I met him again a couple of seasons ago when I joined my friends from the Maltese Wolves fan club to hand over their player of the season to him (below – my baldy head is the second from the right).  Frustratingly, I still didn’t get to chat about soup.

Fast forward to post-Leicester; a tremendous but ultimately unrewarding team performance and it was a little hard to read some of the vitriol aimed in Doc’s direction on social media.

Matt has been one of our most consistent performers for many a campaign; winning player of the season back in 2016 and grabbing third in the voting last time around.  And yet.  And yet.

Along with Bonatini, Doc came in for a mountain of moaning on social media after his rather awkward display, where he missed a sitter, scored a worldy own-goal and got absolutely clattered by Vardy.

Some fans have short memories.  Matt is a fine player and I don’t think his place is seriously under any threat.
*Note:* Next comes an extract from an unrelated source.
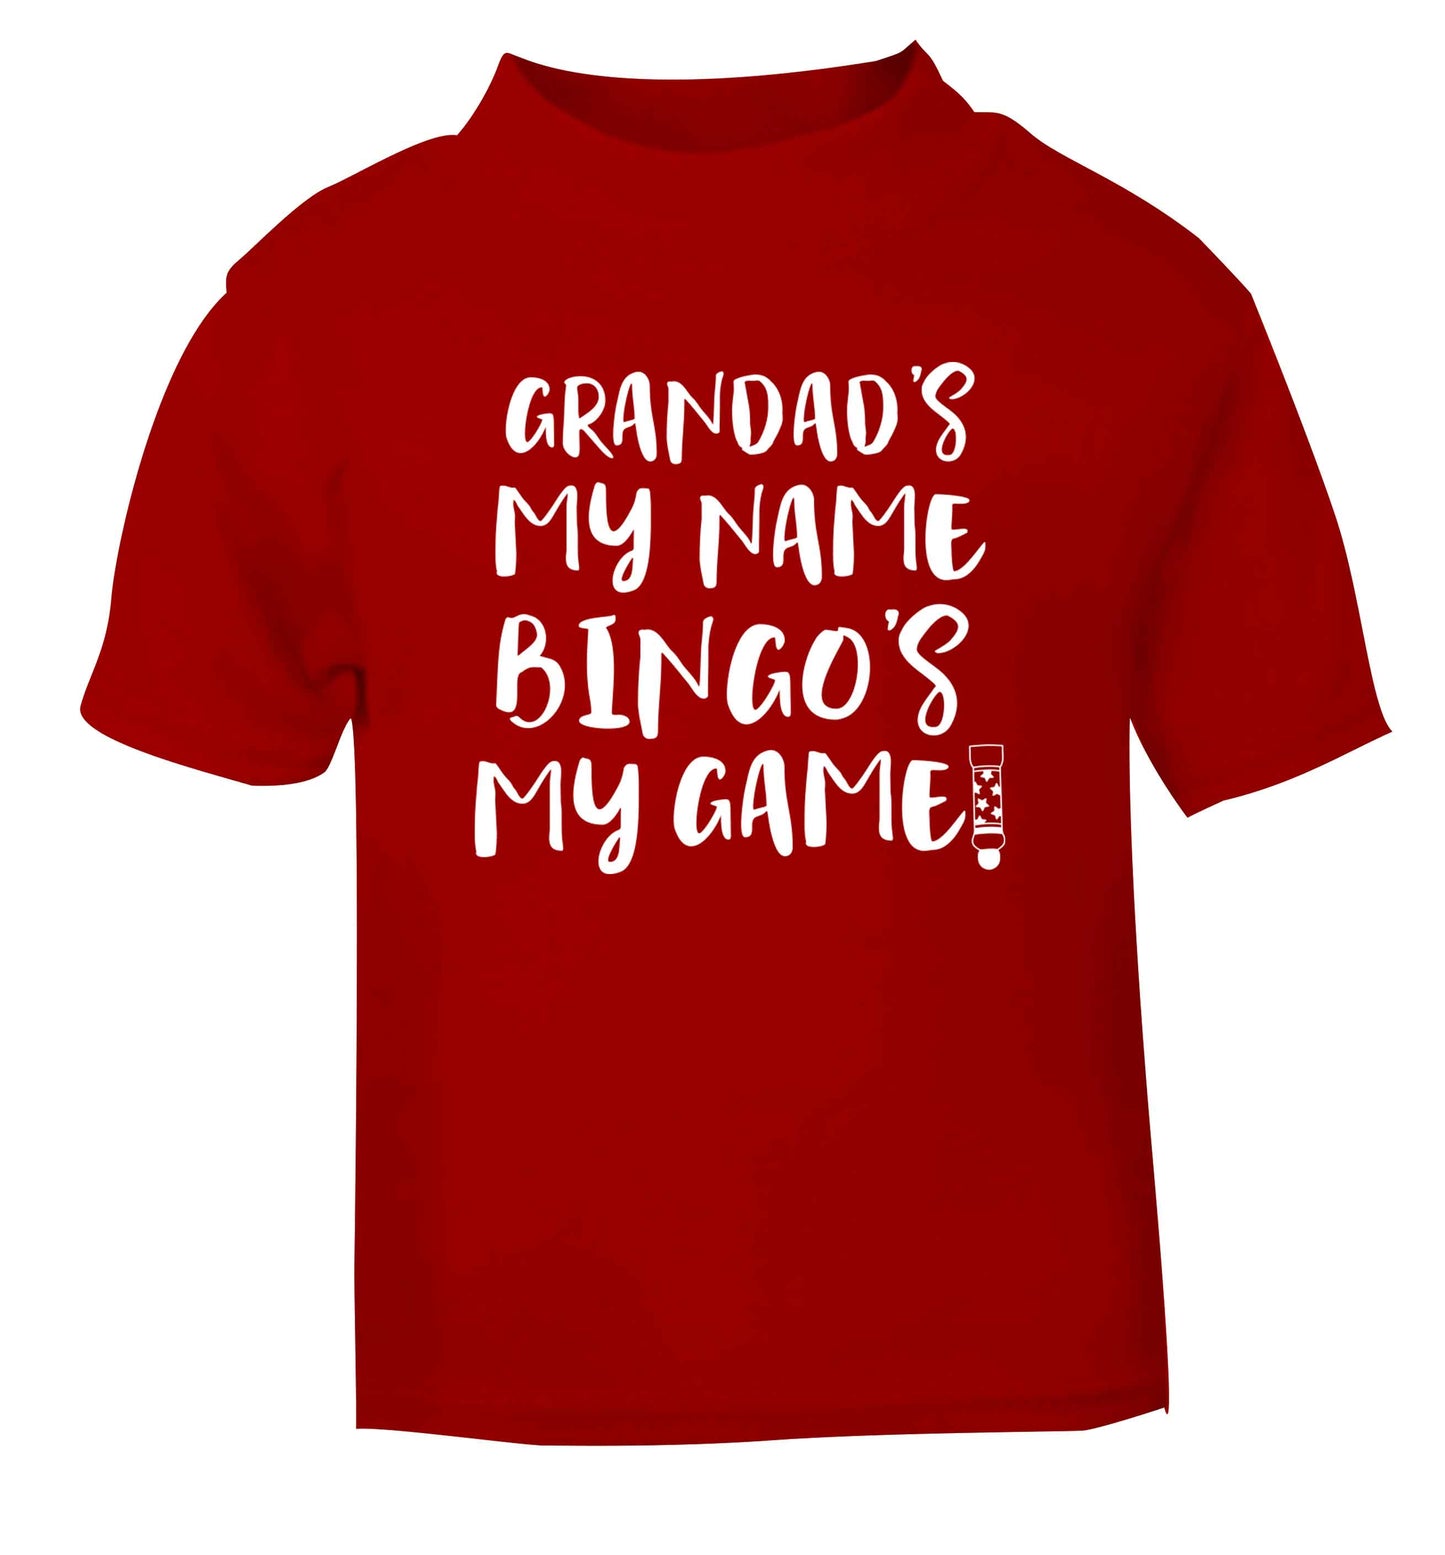 Grandad's my name bingo's my game! red Baby Toddler Tshirt 2 Years

I mean who have we got who could step in anyway?

One bad swallow doesn’t make a summer or some kind of idiom. Anyway, Matt is fine, leave him alone.

It’s been two games. Two games where we have a point, where arguably we could have had bagged all six.

My big(ish) worry at the moment,  is that we are getting chances in front of goal but who is going to chuck them in the onion bag?

Bonatini works his socks off but I wasn’t convinced by him last season and he doesn’t look like the solution this time around either.

On the other hand. Jimenez looks like the real deal. So with Wolves chasing the game on Saturday, it seemed a little perplexing that Nuno would take off Costa & Jota and bring on Adama & Bonatini, only for Bonatini to become the focal point of the attack.

Once this team attunes to the Premier League way, then I’m sure we have goals all across the pitch, akin to last season when Bonatini’s goals ran dry in the second half of the campaign and other players, like Jota, scored aplenty.

And although I still don’t think Silva was the answer to our goal-scoring woes, (he did however bag a hat-trick on his Sevilla debut), in hindsight, I think bringing in another out and out forward would have be beneficial.

Perhaps we will all panic over a striker to come in the next transfer window, mirroring last season, only for Nuno to prove us all wrong and for the club to finish in a healthy league position.

The undoubted positive takeaway from the Leicester defeat was Adama Traoré’s cameo appearance.

Wow. He was running past players like they weren’t there and that turn of pace will frighten any defence in this league. He is a unit. A fast unit. A unit that is direct and powerful.  Did I mention he is a unit?

He is likely to start against City, who blew away a Huddersfield team in about second gear.

We haven’t got Clipboard Connor in charge for the meeting on Saturday, so I’m not expecting that we will roll over and have our collective bellies tickled, as we did in 2012.

These are the challenges we shouldn’t fear. These matches are the reason we wanted to mix it with the big boys again.

We could also get our first glimpse of the talented Leander Dendoncker, who is likely to be on the bench for the toughest home challenge of the season.

Bring it on. Under Mick’s three seasons in the Prem, we beat a lot of the bigger teams, including Man City back in 2010.

So who knows? Difficult yes, impossible no.